В Ленинград она возвращалась с тяжелым сердцем. Несостоявшийся разговор лежал на совести. Валя подумала: лучше письмом. Но прежде она надеялась поговорить с Иосифом: после полутора лет он должен был наконец решиться.
Разговор, случившийся по приезде, ударил в самое сердце. Терзая диванную подушку, Валя пыталась собраться с мыслями, но все ускользало. Два чувства, противоречившие друг другу, застили разум. Ни одно из них не облекалось в слова. Первое было похоже на ужас верующего перед разграбленным алтарем. Второе – тайное, шевельнувшееся подспудно, походило на облегчение: в том, что она поклонялась такому богу, не придется признаваться.

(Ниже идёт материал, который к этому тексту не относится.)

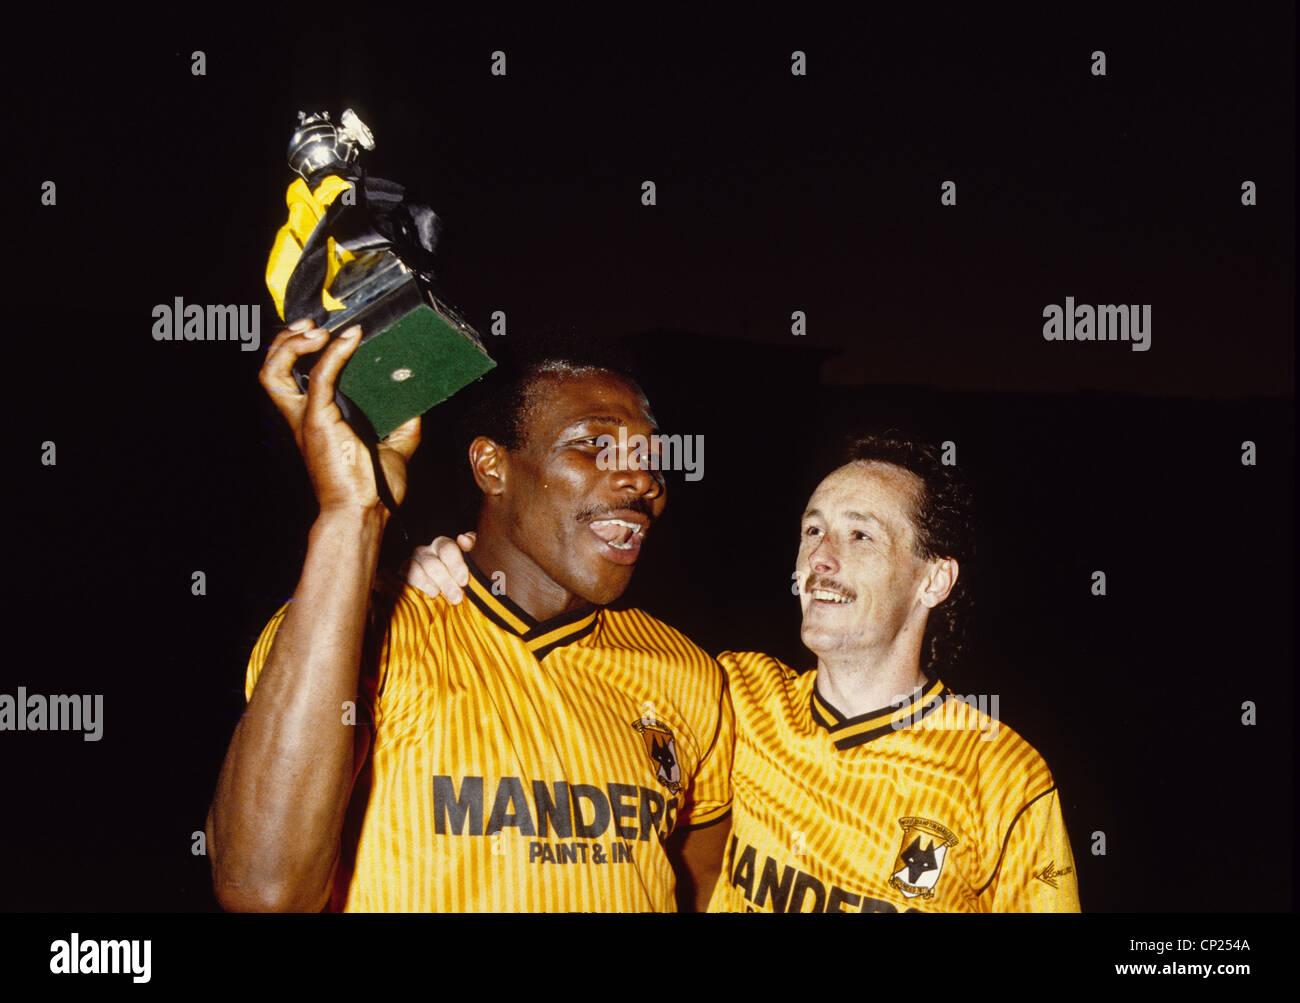 Wolverhampton Wanderers footballers Floyd Streete and Nigel Vaughan celebrate winning 3rd Division Championship - Stock Image
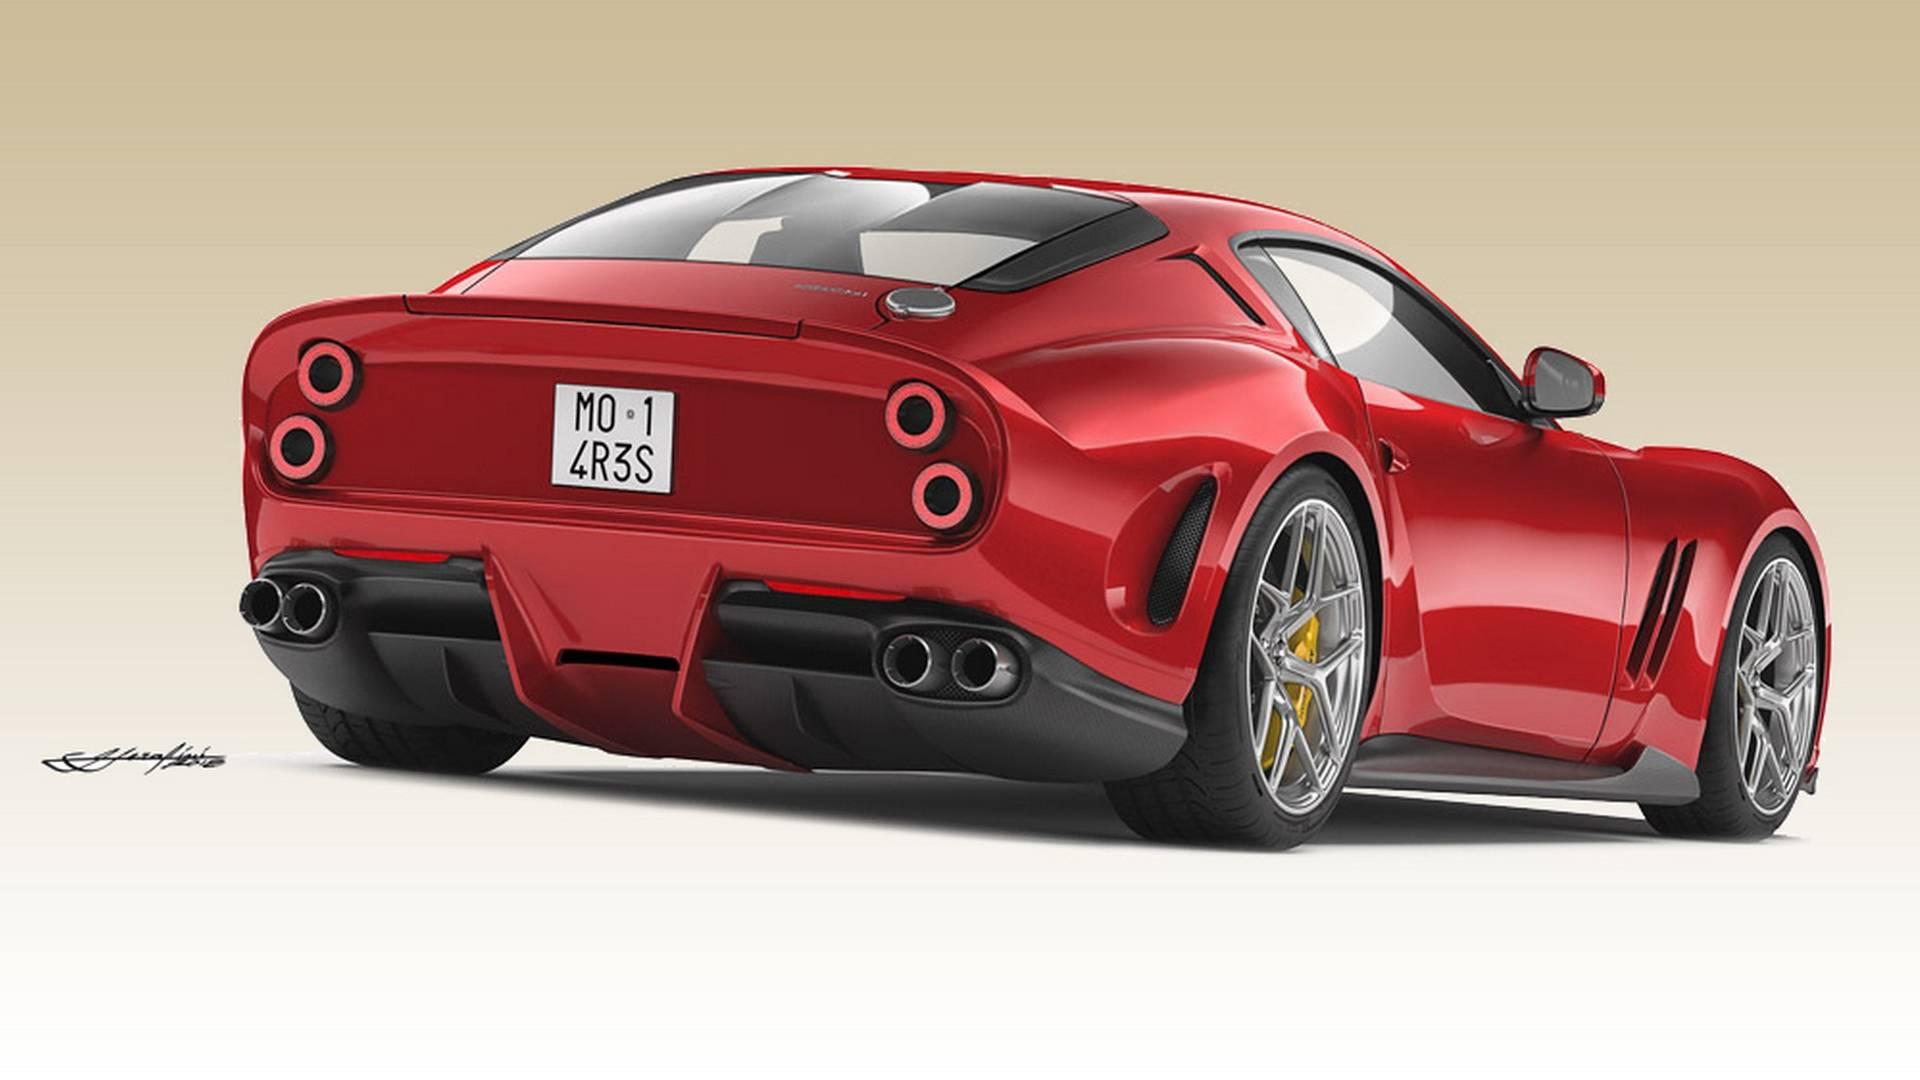 Coachbuilt Ferrari 250 Gto Revealed Based On 812

В общежитие она возвращалась с позором. Под взглядами соседок, судачивших почти в открытую, Валя раскладывала чистые вещи. Случившееся было непоправимым, но даже сквозь стыд Валя отдавала себе отчет в том, что все закономерно: позором, выпавшим на ее долю, издревле платили девушки, потерявшие свою честь.
Неделю она жила оглушенная: все силы души уходили на то, чтобы смириться. Опыт, доставшийся в наследство от матери, подсказывал: смириться придется. Раз оступившись, нельзя ожидать долгой любви. Долгая любовь завязывается тогда, когда все происходит по-честному – перед богом и людьми. Эту формулу Валя повторяла вслед за матерью, не особенно вдумываясь. Бог представлялся ей похожим на человека, только самого мудрого и проницательного. Он, надзиравший за всеми без исключения, не мог проглядеть позора, с которого началась Валина – теперь уже загубленная – жизнь. Люди – и подавно. Разложив чистые вещи, она свернулась в своем закутке, готовая принять заслуженное.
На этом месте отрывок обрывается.